Cutting the part with the hyphae on the infected stalk into 2-3 mm diseased tissues by using a sterile knife, transferring the diseased tissues into a PDA (potato) culture medium (200 g, 20g of glucose and 1000ml of water) for primary culture, wherein the primary culture is dark culture, the temperature of the primary culture is 25-28 ℃, the time is 2-3 d, cutting the separated hyphae at the edges of the bacterial colony of the pathogenic fungus together with the culture medium, and placing the cut hyphae on a new PDA culture medium for purification culture, wherein the temperature of the purification culture is 25-28 ℃, and the time is 2-3 d, so as to obtain the pure culture of the pathogenic fungus. The obtained culture was observed, and the identification was carried out by utilizing the hypha form of Fusarium in a villiform state, the hypha form of Pythium species in a flocculent state, and the hypha form of Rhizoctonia solani in a thin state.

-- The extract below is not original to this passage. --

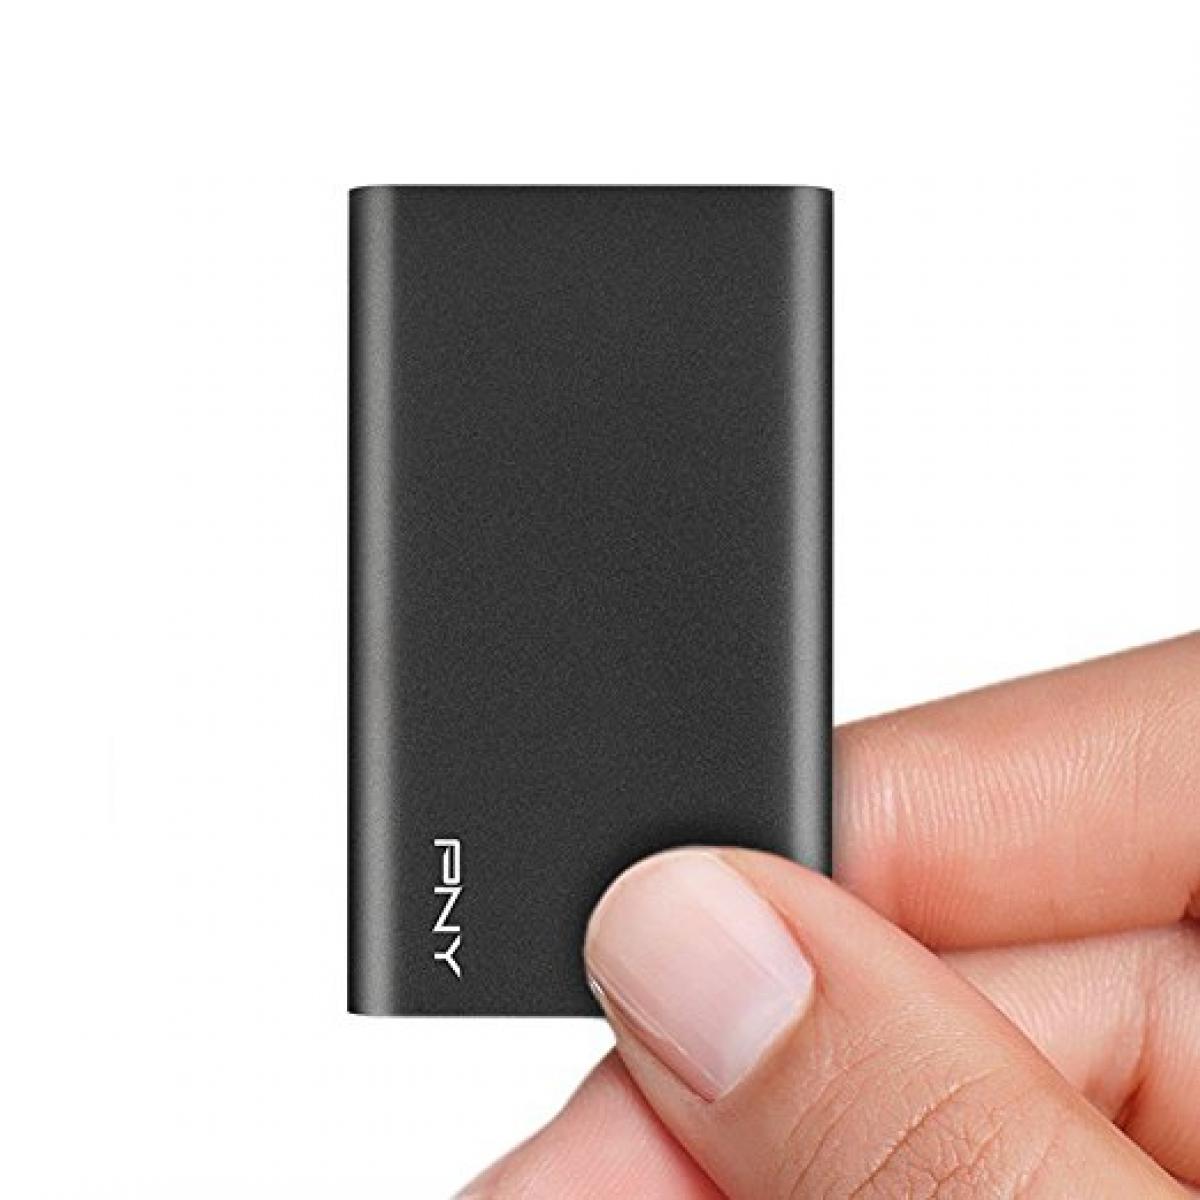 PNY Elite 240GB USB 3.0 Portable SSD

The test results are as follows: the strains obtained by separating the 1 st test sample are all fusarium, the strains obtained by separating the 2 nd test sample are all pythium, the strains obtained by separating the 3 rd test sample are fusarium, and the strains obtained by separating the 4 th test sample are rhizoctonia solani (4 test samples are respectively taken from a strain with typical corn sheath rot disease, a strain with typical disease corn stalk rot disease, a strain with typical corn root rot disease and a strain with typical corn sheath rot disease). The strain transfected from the Changtai disease sample shows obvious morphological diversity, as can be seen from figure 8, fusarium species are rich, and various fusarium can be separated by adopting the method of the invention. Therefore, the separation method has the advantages of high efficiency, high success rate and multiple types of separation of pathogenic bacteria, has better applicability to the identification and separation of pathogenic fungi in disease strains with low bacteria content or infected by bacteria in the later period of disease onset, can successfully separate the pathogenic bacteria for multiple times, and has good repeatability.

Example 2

Test specimen book:

specimen 1: the leaf sheath tissue of the corn sheath rot disease plant has hypha (collected from Changtai in the growth period and the establishment period of grains), the specimen is fresh, and the separation time and the sampling time are different by 1 day. The leaf sheath disease tissues of the germs to be separated are equally divided into 2 parts.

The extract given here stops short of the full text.